▶ PROBLEM DETAILS
Please print, exactly, only the lines in the entries below from the line that has "BRIDGE OVER ROAD AMIDST TREES" through the line that has "Vileda %30 Mikrofiberli". Pictures don't go in.

----- RECORDS FOR THE TASK

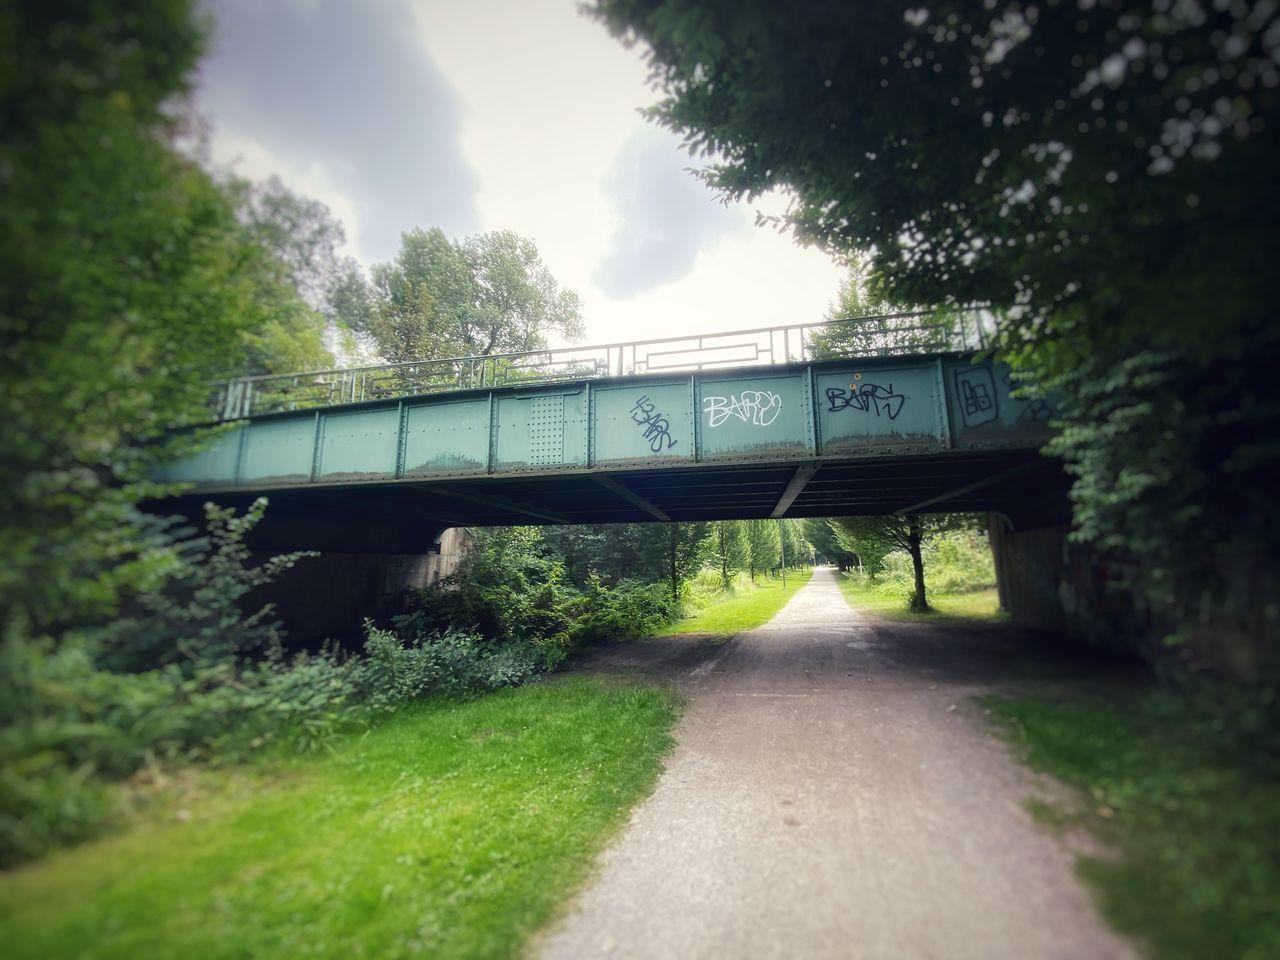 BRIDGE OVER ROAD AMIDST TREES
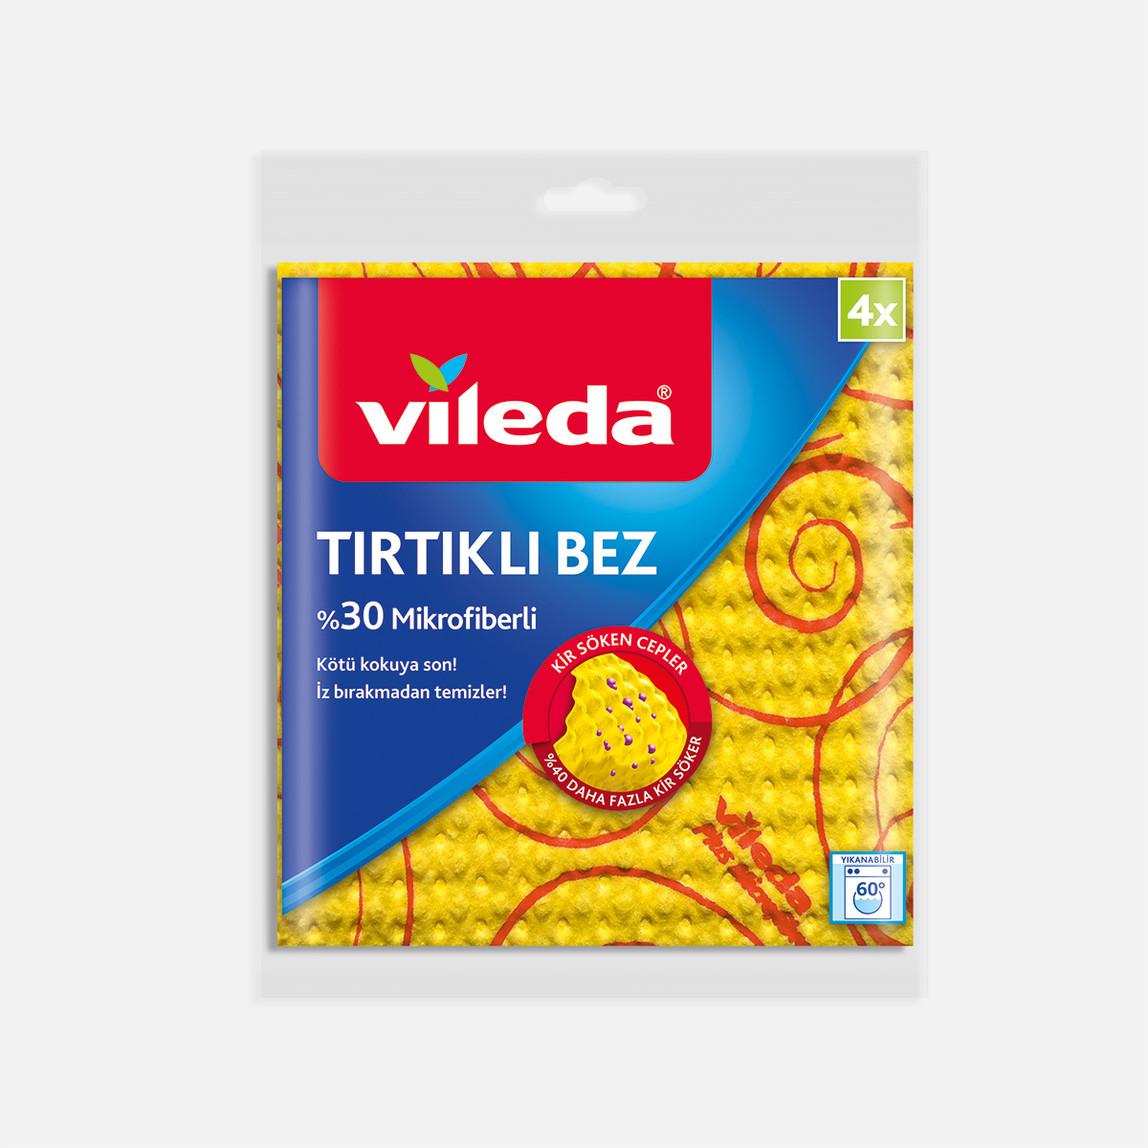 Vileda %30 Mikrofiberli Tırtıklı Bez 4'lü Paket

----------
----- RECORDS FOR THE TASK

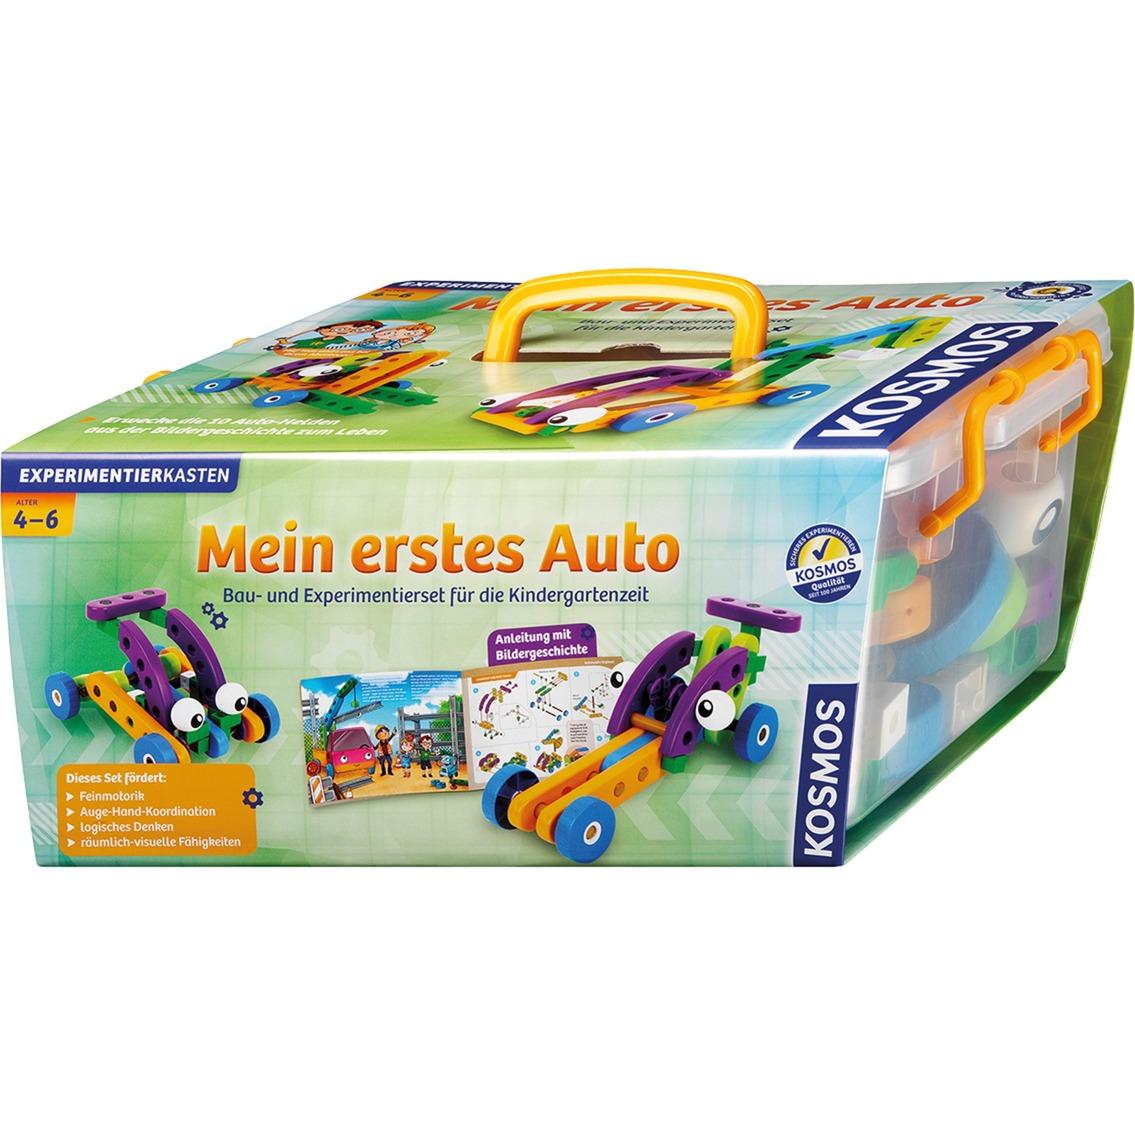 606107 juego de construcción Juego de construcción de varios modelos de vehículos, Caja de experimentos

----------
----- RECORDS FOR THE TASK

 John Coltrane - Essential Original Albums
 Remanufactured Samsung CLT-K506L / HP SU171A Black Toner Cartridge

----------

▶ ANSWER TO THIS TASK
 BRIDGE OVER ROAD AMIDST TREES
 Vileda %30 Mikrofiberli Tırtıklı Bez 4'lü Paket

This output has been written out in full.